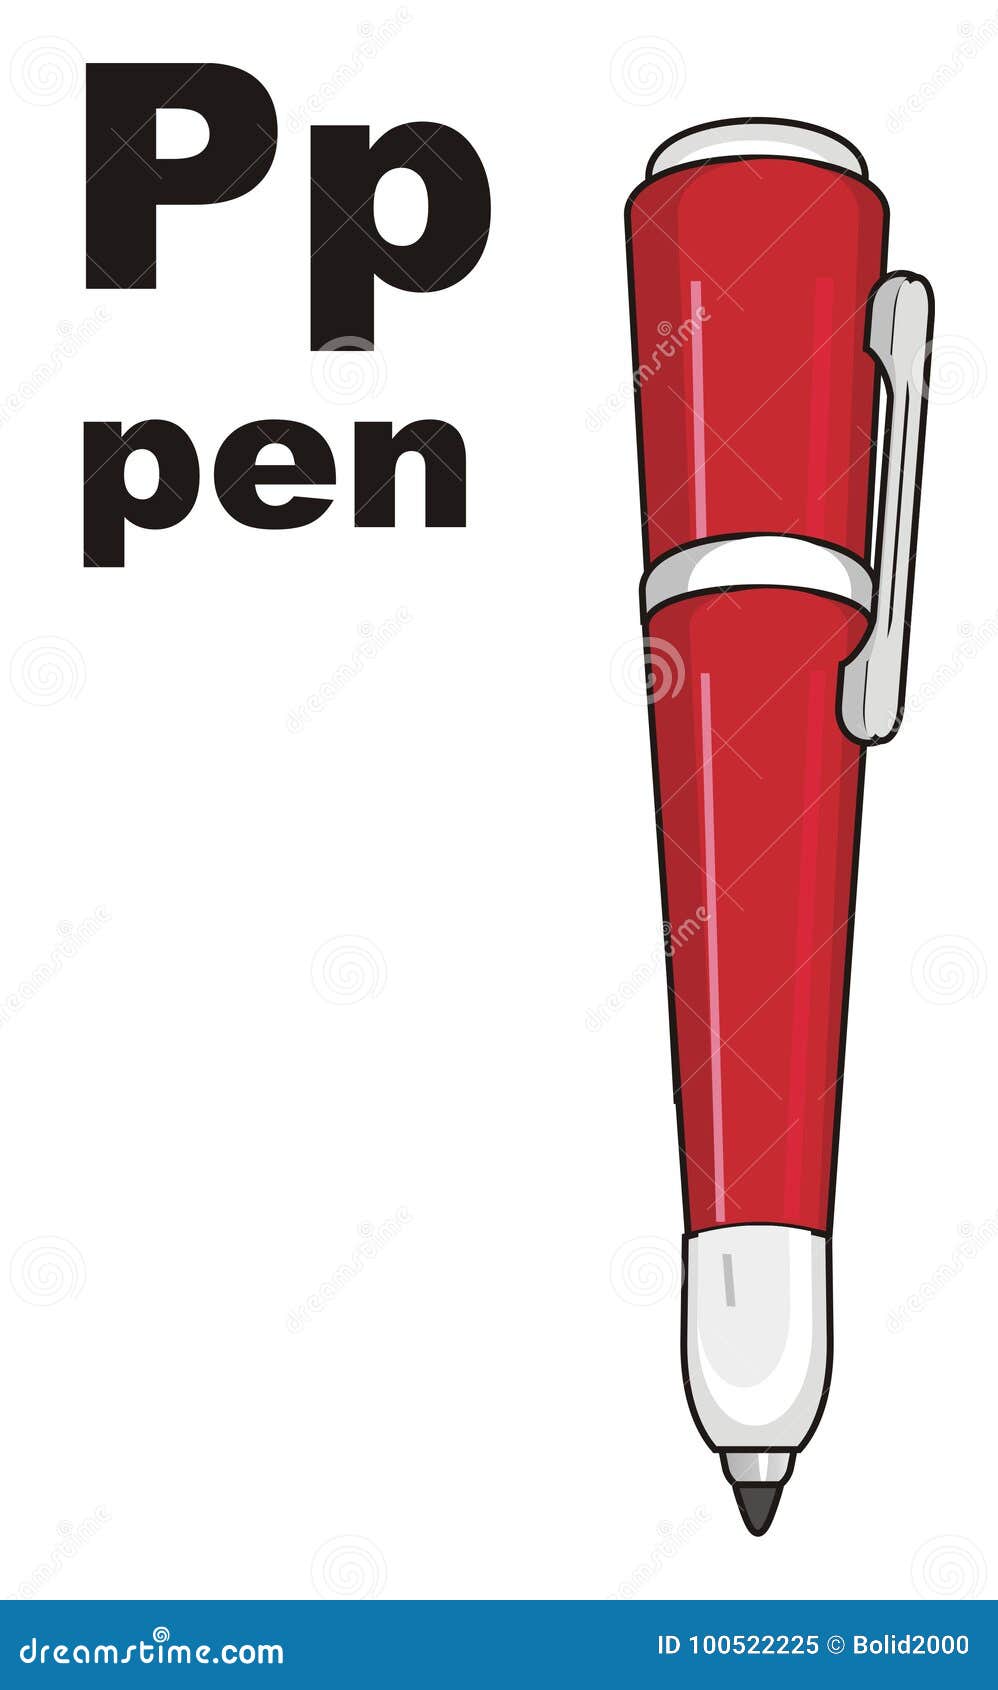 Pen по английски. Ручка на английском языке. Pen карточка. Pen на английском. Pen английский для детей.
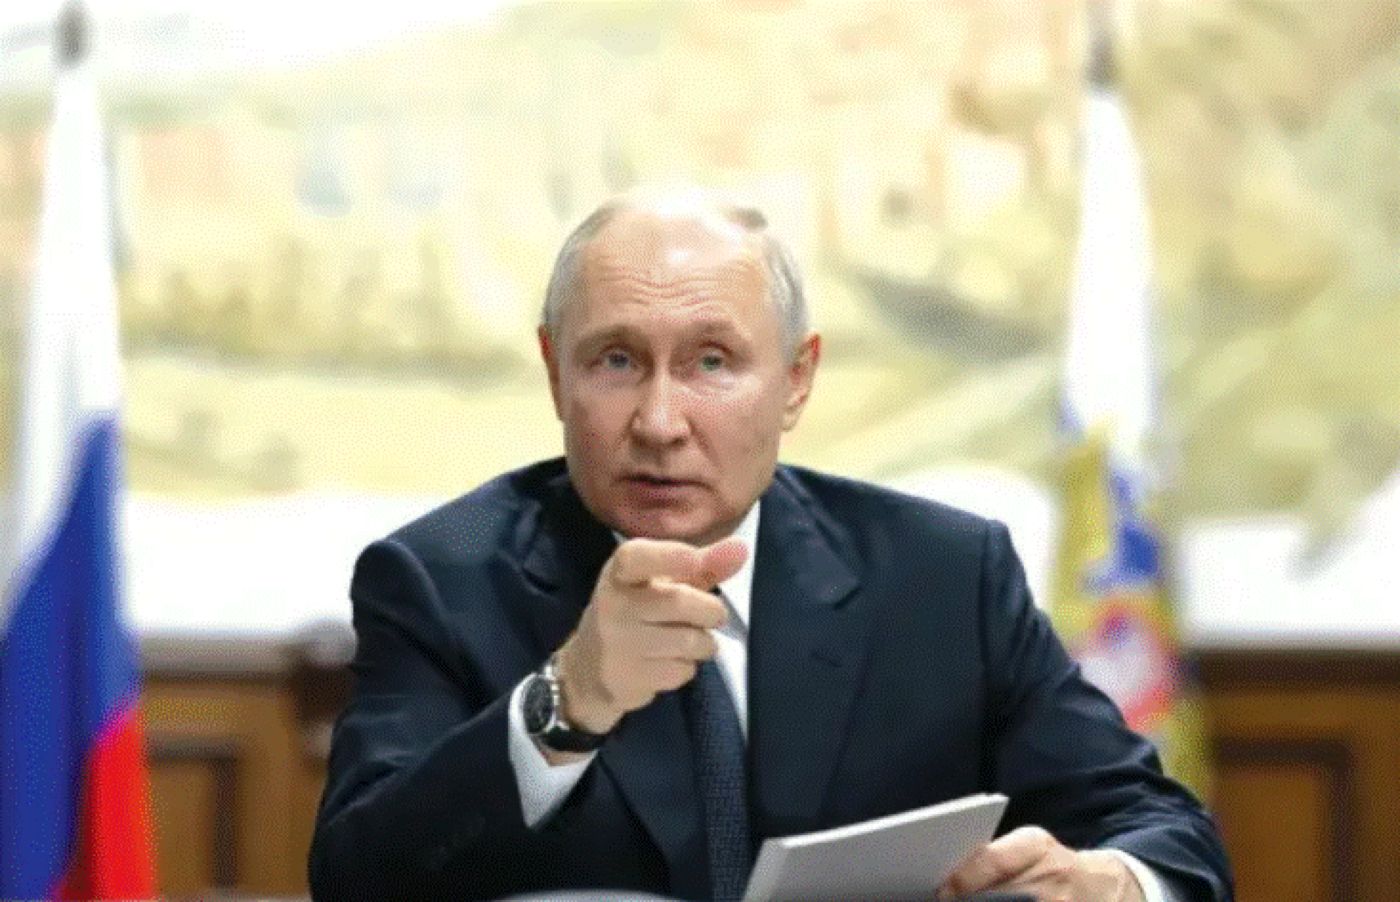 Anunțul momentului. Putin intervine în războiul Israel – Gaza și impune schimbarea strategiei de luptă. Se apropie Al 3-lea Război Mondial?
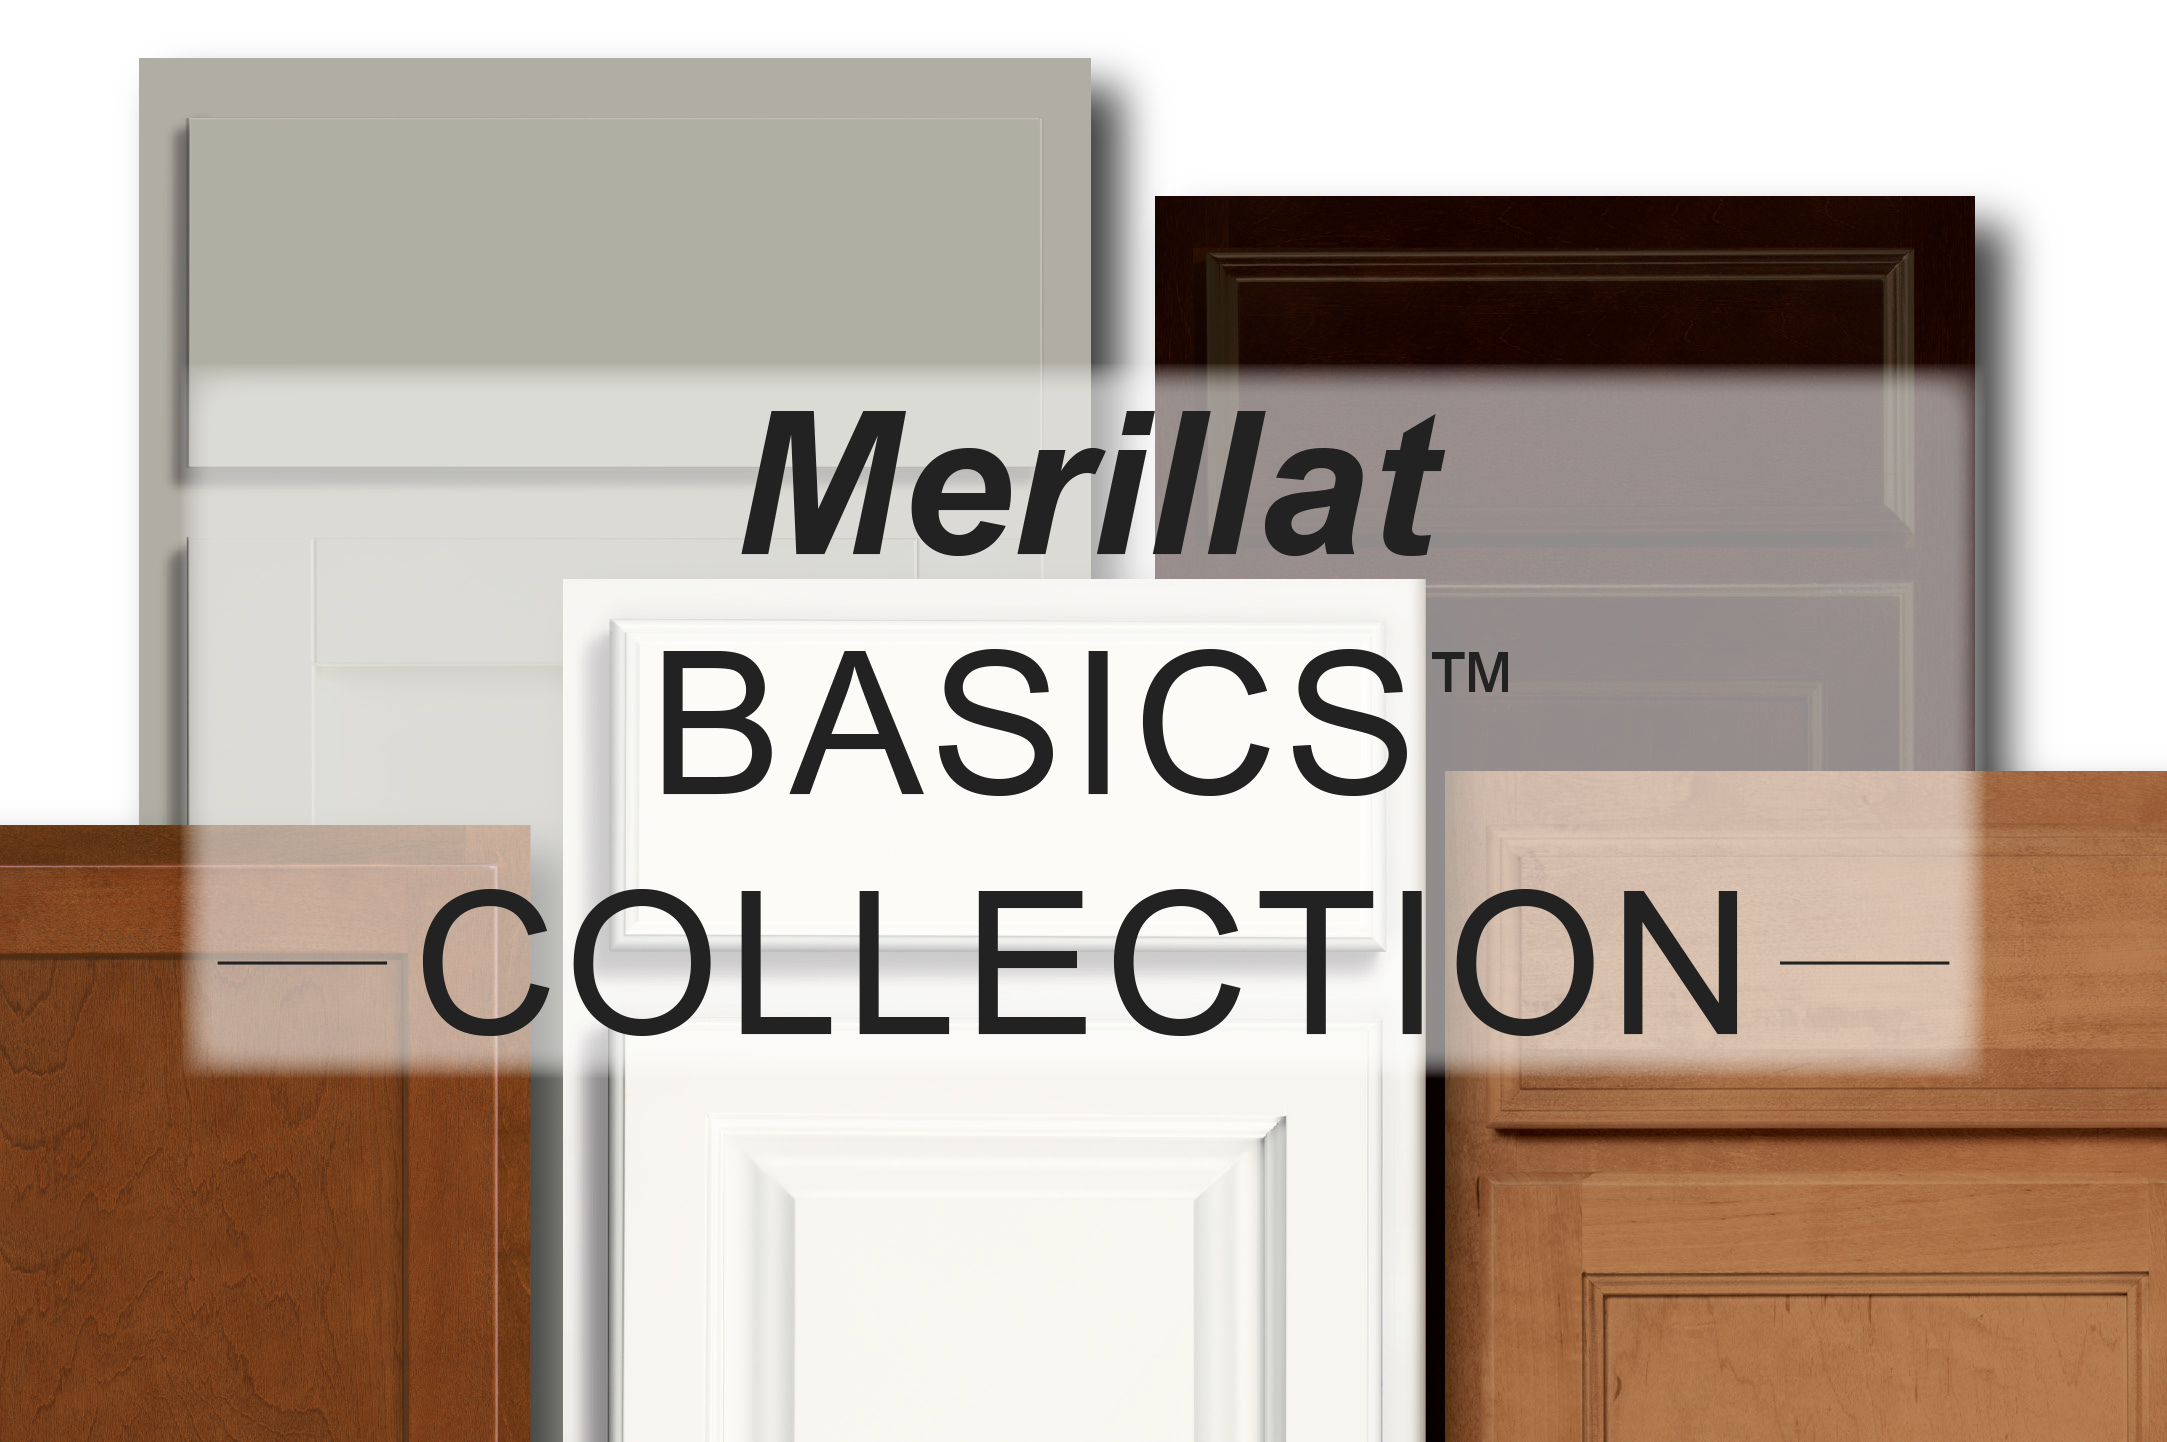 Merillat Basics Collection

_ _ _ _ _ _ _

Activity:
Only the lines from the one containing "Anunțul momentului. Putin" through the end of the data above are to be output, exactly and without pictures.

Written response:
 Anunțul momentului. Putin intervine în războiul Israel – Gaza și impune schimbarea strategiei de luptă. Se apropie Al 3-lea Război Mondial?
 Merillat Basics Collection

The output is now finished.